Dartmouth researchers have found that some proteins turn into liquid droplets on the way to becoming toxic solids implicated in neurodegenerative diseases and other genetic disorders.
The findings, along with a series of related studies by scientists at other institutions, appear in the journal Molecular Cell.
The Dartmouth researchers studied proteins that have a massive expansion of a single amino acid, glutamine, typically associated with toxic protein solids. For example, neurodegenerative-linked proteins such as those in Huntington’s disease have these amino acids, which makes the protein sticky. The researchers found that proteins like this undergo a transition into liquid droplets on the way to becoming toxic, fibrous solids. These liquid droplets are similar to the ones made when oil and vinegar are mixed to make salad dressing. The researchers suspect that cells use this liquid state for normal physiology, but under certain conditions the proteins transition again from liquid to toxic solids. These kinds of droplets have also been called “membrane-free” organelles because they lack a barrier and are highly dynamic unlike many organelles such as mitochondria or nuclei.
“We found that RNA, the molecule traditionally thought as the intermediate between DNA and protein, has a potent role in driving the formation of the liquid states,” says senior author Amy Gladfelter, an associate professor of biological sciences. “They can drive the formation of droplets and give distinct physical properties to the droplets, which we think is important for how they are spatially arranged and function in the cell. It’s exciting that this is an example of RNA encoding physical properties of these compartments or drops rather than just encoding proteins.”
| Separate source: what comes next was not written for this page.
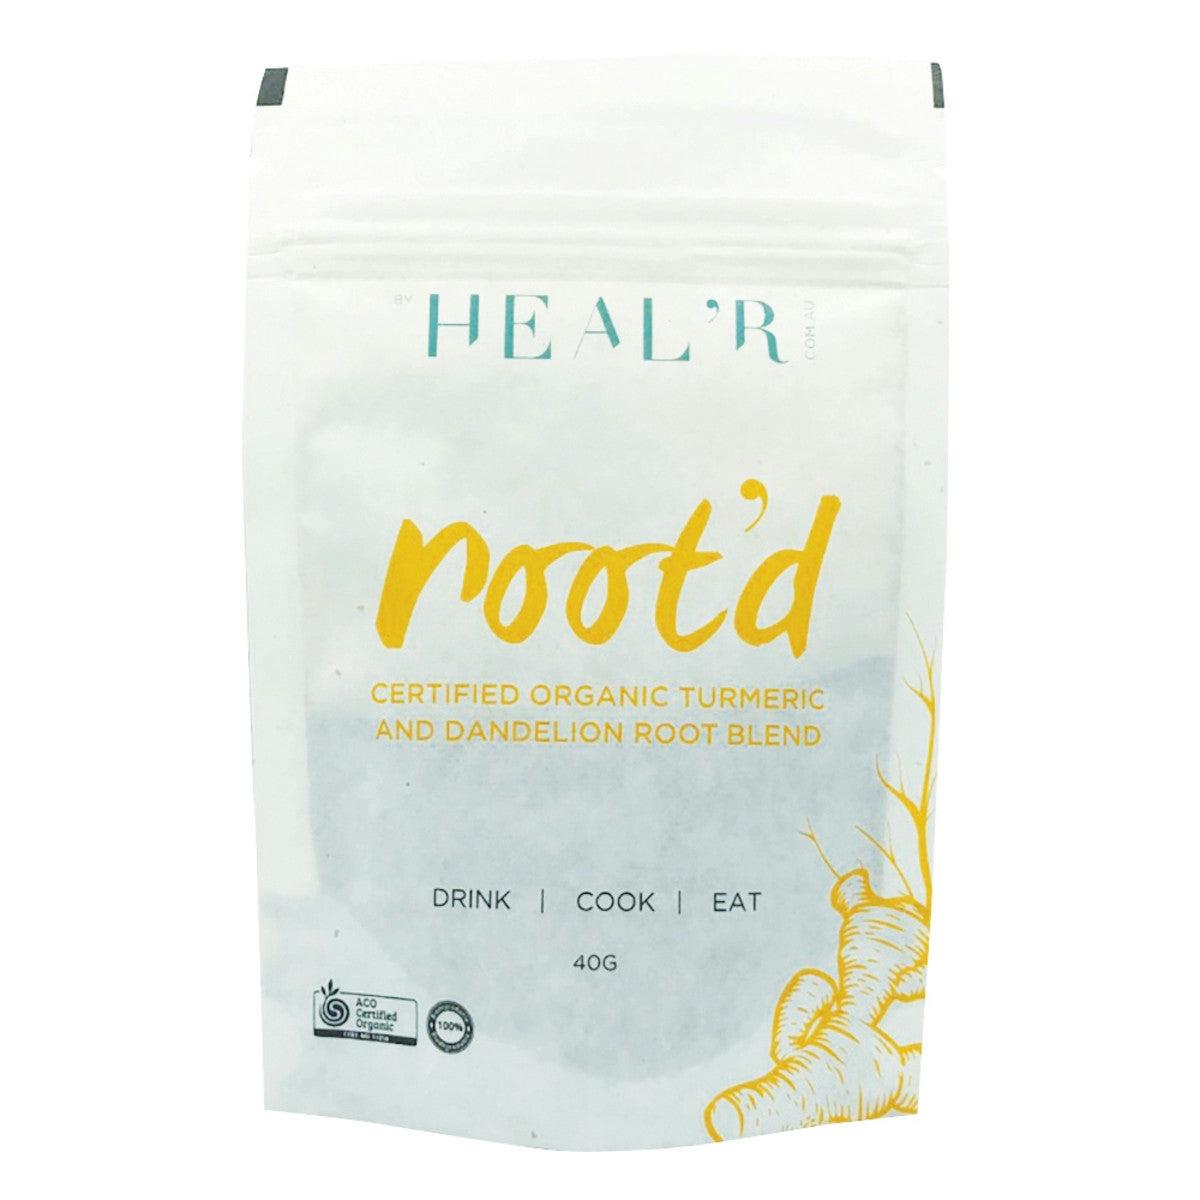 image of Heal'r Root'd (Organic Turmeric Spice Blend with Dandelion Root) 40g on white background 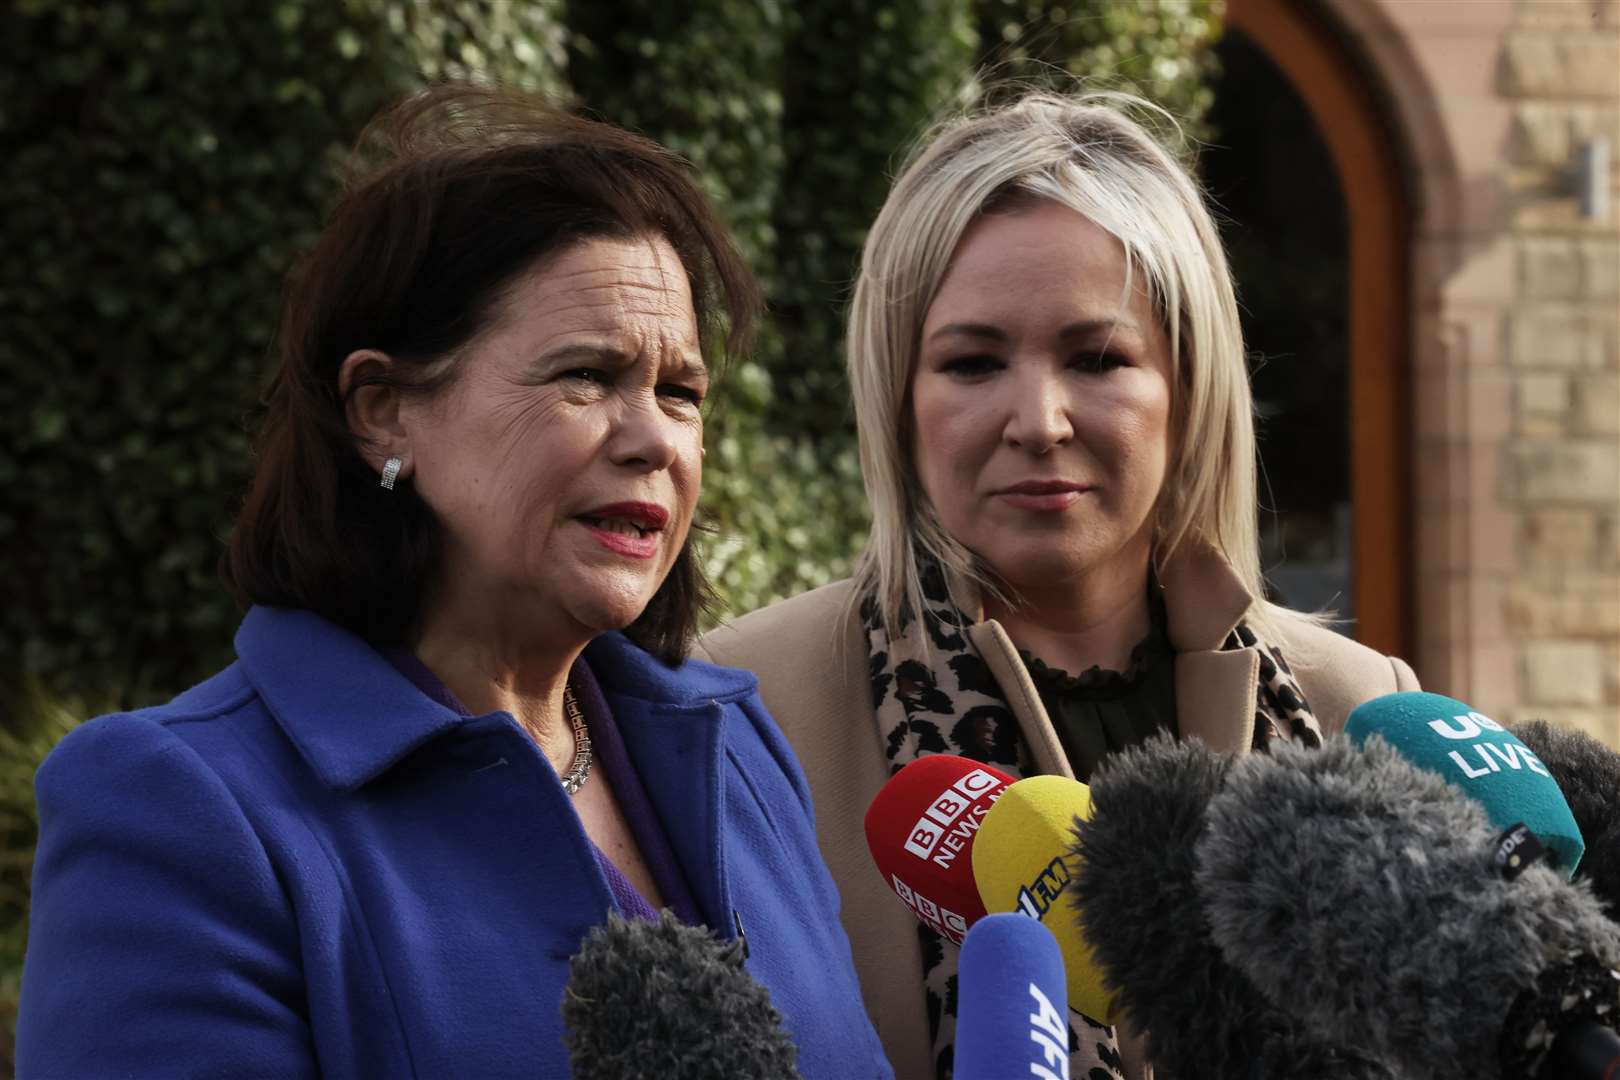 Sinn Fein Party leader Mary Lou McDonald (left) and vice president Michelle O’Neill speak to the media outside the Culloden Hotel in Belfast. (PA)

The results are important because the human genome is filled with proteins that have similar sequences and almost all understanding of these proteins so far has focused on pathological states.
“Our work, along with the other recent papers, find a form of these proteins that is relevant to normal cell function and yet takes advantage of the very sequences that are linked to diseases for their normal functions,” Gladfelter says. “This type of mechanistic understanding of the protein’s normal function is critical for understanding and treating a myriad of diseases linked to protein aggregation.”